Objective

Among obesity-associated metabolic diseases, non-alcoholic fatty liver disease (NAFLD) represents an increasing public health issue due to its emerging association with atherogenic dyslipidemia and cardiovascular diseases (CVDs). The lower prevalence of NAFLD in pre-menopausal women compared with men or post-menopausal women led us to hypothesize that the female-inherent ability to counteract this pathology might strongly rely on estrogen signaling.

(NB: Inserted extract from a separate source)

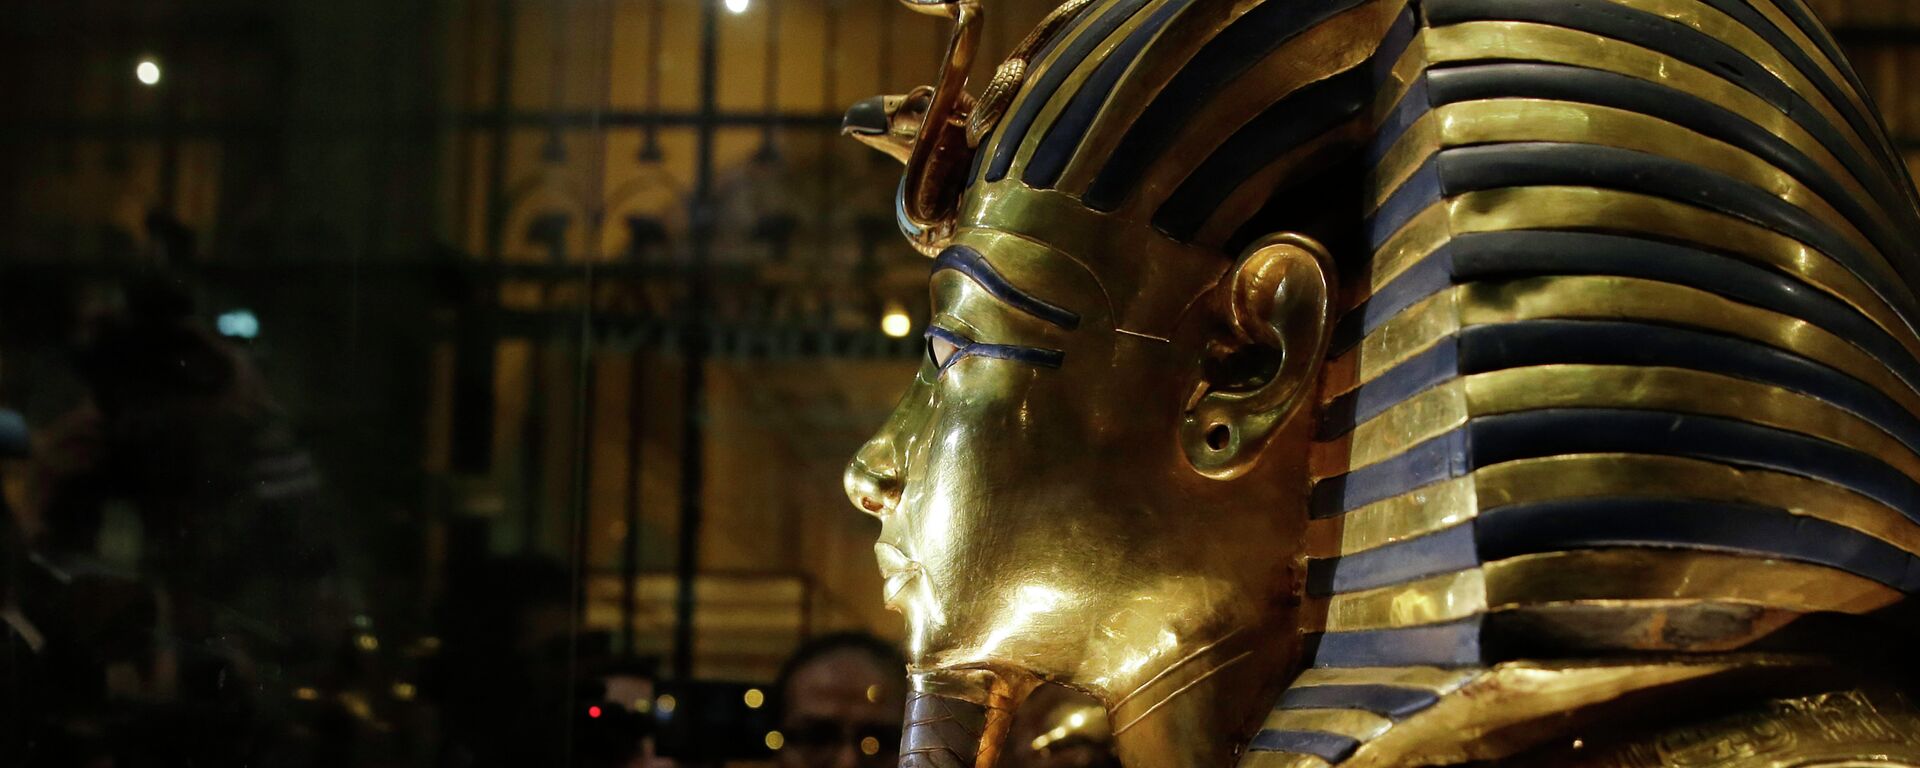 Златна маска краља Тутанкамона у Египатском музеју у Каиру - Sputnik Србија, 1920, 11.09.2021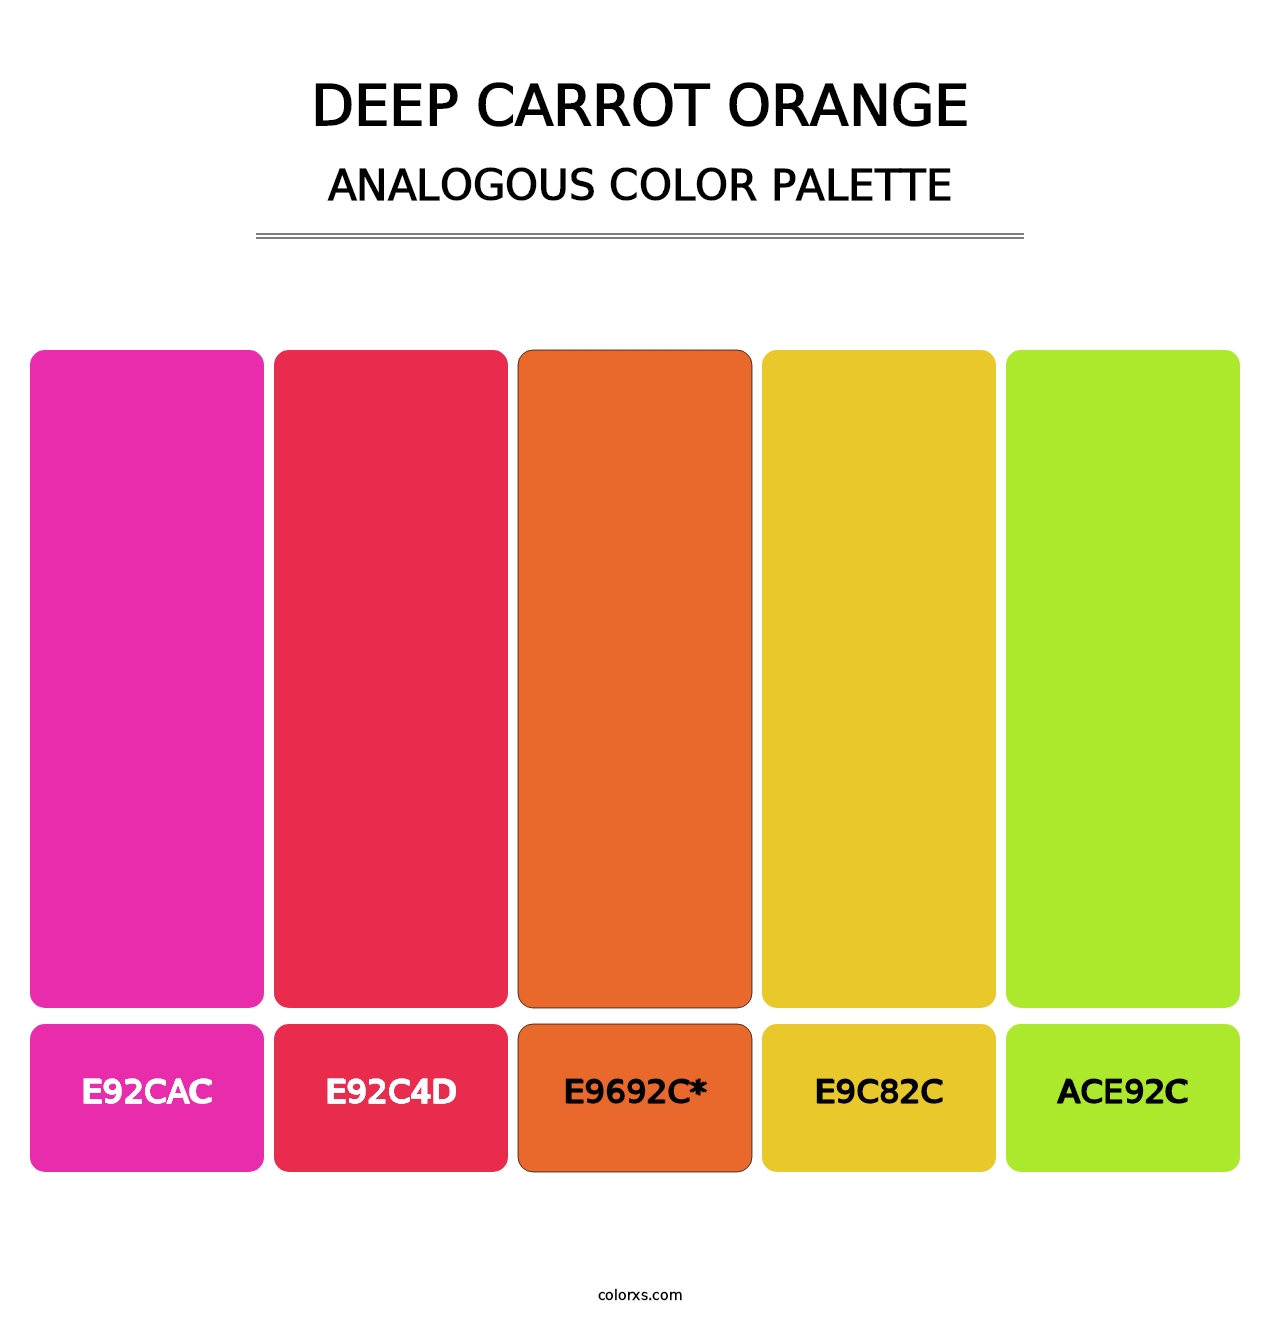 Deep Carrot Orange - Analogous Color Palette

In female mammals, estrogen receptor alpha (ERα) is highly expressed in the liver, where it acts as a sensor of the nutritional status and adapts the metabolism to the reproductive needs. As in the male liver this receptor is little expressed, we here hypothesize that hepatic ERα might account for sex differences in the ability of males and females to cope with an excess of dietary lipids and counteract the accumulation of lipids in the liver.

Methods

Through liver metabolomics and transcriptomics we analyzed the relevance of hepatic ERα in the metabolic response of males and females to a diet highly enriched in fats (HFD) as a model of diet-induced obesity.

Results

The study shows that the hepatic ERα strongly contributes to the sex-specific response to an HFD and its action accounts for opposite consequences for hepatic health in males and females.

Conclusion

This study identified hepatic ERα as a novel target for the design of sex-specific therapies against fatty liver and its cardio-metabolic consequences.

中文翻译：

---

肝ERα导致性别上的差异，以应付饮食中过多的脂质。

客观的

在肥胖相关的代谢性疾病中，非酒精性脂肪肝疾病（NAFLD）由于其与动脉粥样硬化血脂异常和心血管疾病（CVD）的关系而日益成为一种日益严重的公共健康问题。与男性或绝经后女性相比，NAFLD在绝经前女性中的患病率较低，这使我们推测，女性固有的抵抗这种病理的能力可能强烈依赖于雌激素信号传导。

在雌性哺乳动物中，雌激素受体α（ERα）在肝脏中高表达，在肝脏中它可以作为营养状况的传感器，并使新陈代谢适应生殖需求。由于在男性肝脏中该受体很少表达，因此我们在此假设肝ERα可能解释了男性和女性应对过量饮食脂质和抵消脂质在肝脏中积累的能力中的性别差异。

方法

通过肝脏代谢组学和转录组学，我们分析了肝脏ERα与高脂饮食（HFD）作为饮食诱发肥胖的模型，在男性和女性的代谢反应中的相关性。

结果

研究表明，肝ERα强烈促进了对HFD的性别特异性反应，其作用解释了男性和女性对肝脏健康的相反后果。

结论

这项研究确定了肝ERα作为针对脂肪肝及其心脏代谢后果的性别特异性疗法设计的新靶标。